Benefits of BS-VI norms over BS-IV norms

  • According to the Centre for Science & Environment study, air pollution takes 10,000-30,000 lives in Delhi alone every year. Early migration to BS-VI fuels in the National Capital of Delhi and the whole country will help in saving thousands of precious lives by bringing down vehicular pollution significantly.
  • A study by System of Air Quality and Weather Forecasting And Research (SAFAR) under the Ministry of Earth Sciences showed that the Transport sector contributes around 41% of the pollution in Delhi. Cleaner fuel is one of the ways to combat air pollution.
  • In BS-VI fuel, will bring down the concentration of sulfur by 80%, i.e. from the 50 parts per million to 10 parts per million.
  • BS-VI fuel is expected to reduce the NOx (nitrogen oxides) emissions from diesel cars by 70% and from petrol cars by 25%
  • OBD (onboard diagnostics) will become mandatory for every vehicle and it will help monitor the pollution caused by the vehicle in real-time.
  • RDE (Real Driving Emission) will be introduced for the first time that will measure the emission in real-world conditions and not just under test conditions.
  • BS-VI norms will also change the way particulate matter is measured. It will now be measured by number standard instead of mass standard thereby, regulating the fine particulate matter as well.

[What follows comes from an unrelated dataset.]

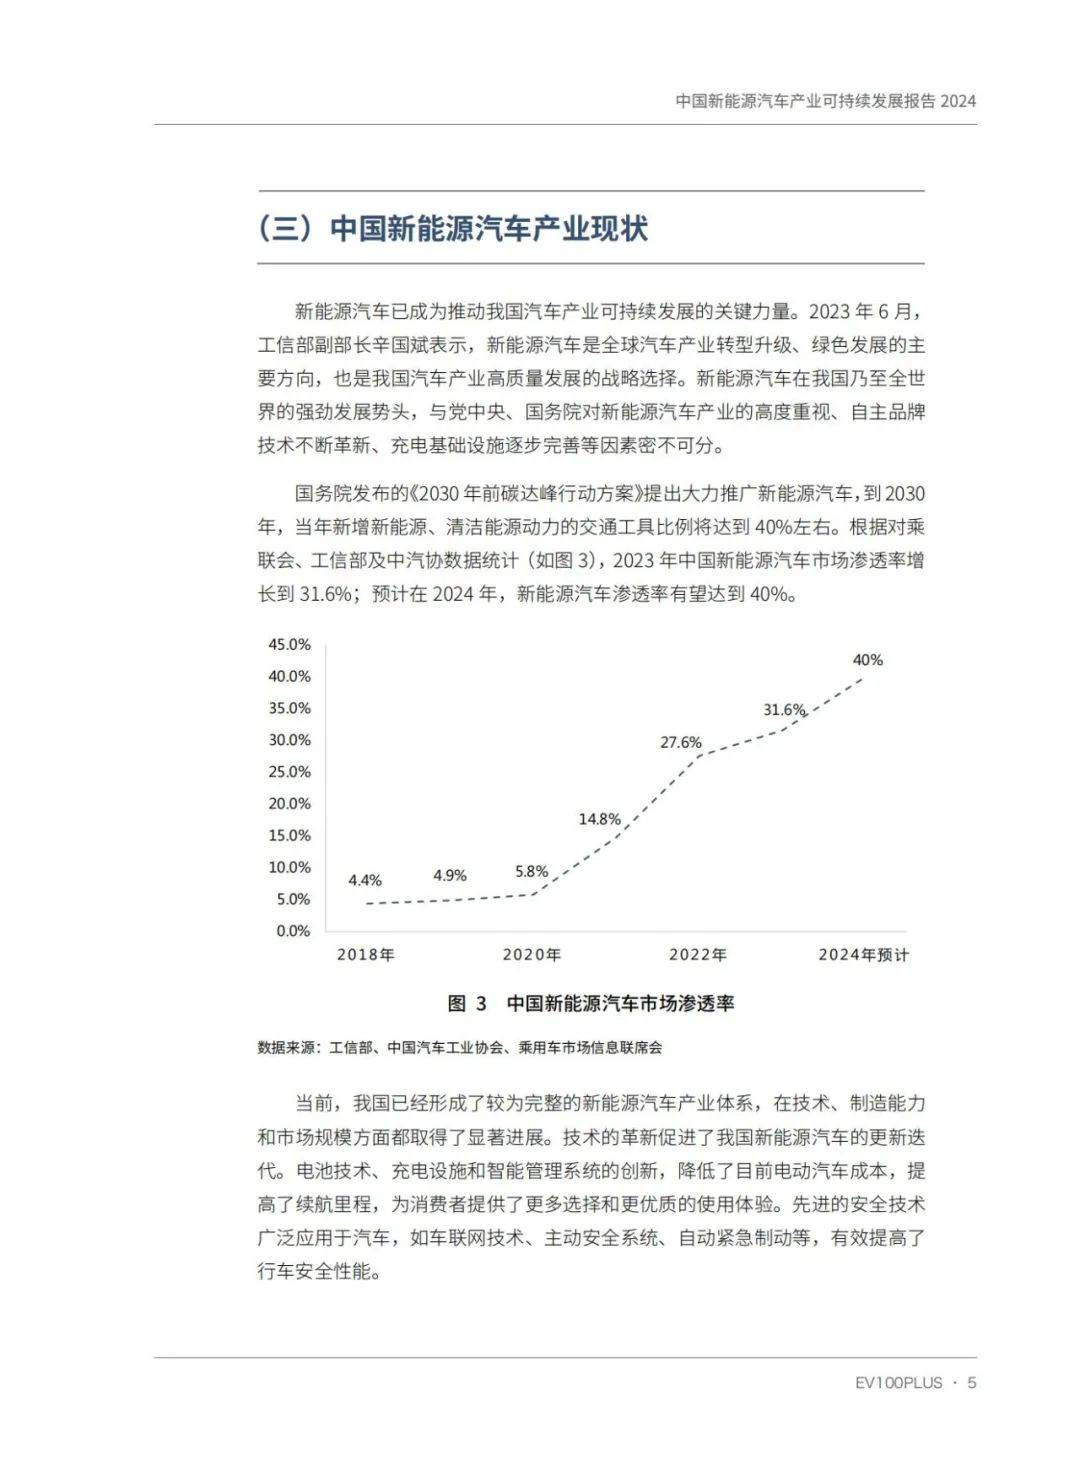 134页报告!中国新能源汽车产业可持续发展报告2024

  • Stressed Industry: Automotive industries are already under pressure due to a decrease in the sale. With the introduction of BS-VI norms along with strict safety, norms will lead to an increase in the cost of vehicles by ₹10,000 - 20,000. Since India is a cost-sensitive economy, it might further pressurize the automotive industries.
  • Technological Challenges: The capacity of the automotive industries to equip their vehicles with the necessary technology will be tested.
  • Low Incentive for the Buyer:
    • There is no improvement in fuel efficiency in the case of BS-VI vehicles, which was the selling pitch in the case of BS-IV vehicles.
    • Cost of maintenance of BS-VI vehicles is higher than the BS-IV vehicles.
  • Availability of the Fuel: To ensure the availability of BS-VI fuel at all places by the due time will be another problem faced by the Oil Marketing Companies. For example, during the implementation of BS-IV fuel, some region like Northeast and Kerala were left out.
  • Skill Development: Skill development of technicians, service centres and maintenance workshops which form the bulk of transport industries.
  • Low Transparency: Transparency in fuel production and its transportation is absent.
  • Logistics Issues: Earlier, the implementation of BS-II, BS-III, and BS-IV fuel and vehicles were done in a phased manner. But this time, BS-VI will be implemented in the whole country at the same time which might lead to logistics issues.
  • Implementation: Issues with the implementation of safety and insurance norms along with BS-VI norms in commercial vehicles.

Way Forward

  • Awareness Generation:
    • Oil marketing companies, automotive companies, and respective ministries should educate the users and maintenance companies through workshops about the BS-VI technologies and how it is different from the BS-IV.
    • Educating the people to avoid the misconception about the new fuel and vehicles.
  • Communication:
    • Better communication between the Government, the Oil marketing companies and the Automotive companies will ensure the proper implementation of the policy.
    • The proper business ecosystem including financing of vehicles should be made easy by increasing the tenure and thereby reducing the EMI.
  • Road-map: The government should present a long-term plan for fuel to be used in the future. Whether India's transport sector will be fuel-based or electricity-based inter alia so that investors can make decisions on their long term capital investment.
  • Including Petroleum in GST: The overall cost of the vehicle and the fuel must be streamlined by including petroleum in Good and Service Tax. Effective GST must be rolled back to ease the burden of the depressed automobile sector.

Bharat Stage VI is an emission standard that will bring much-needed changes in the Indian automobile industry in terms of pollutant emissions. With this emission norm coming into effect, India will come at par with the US, European countries and other advanced automotive markets across the globe.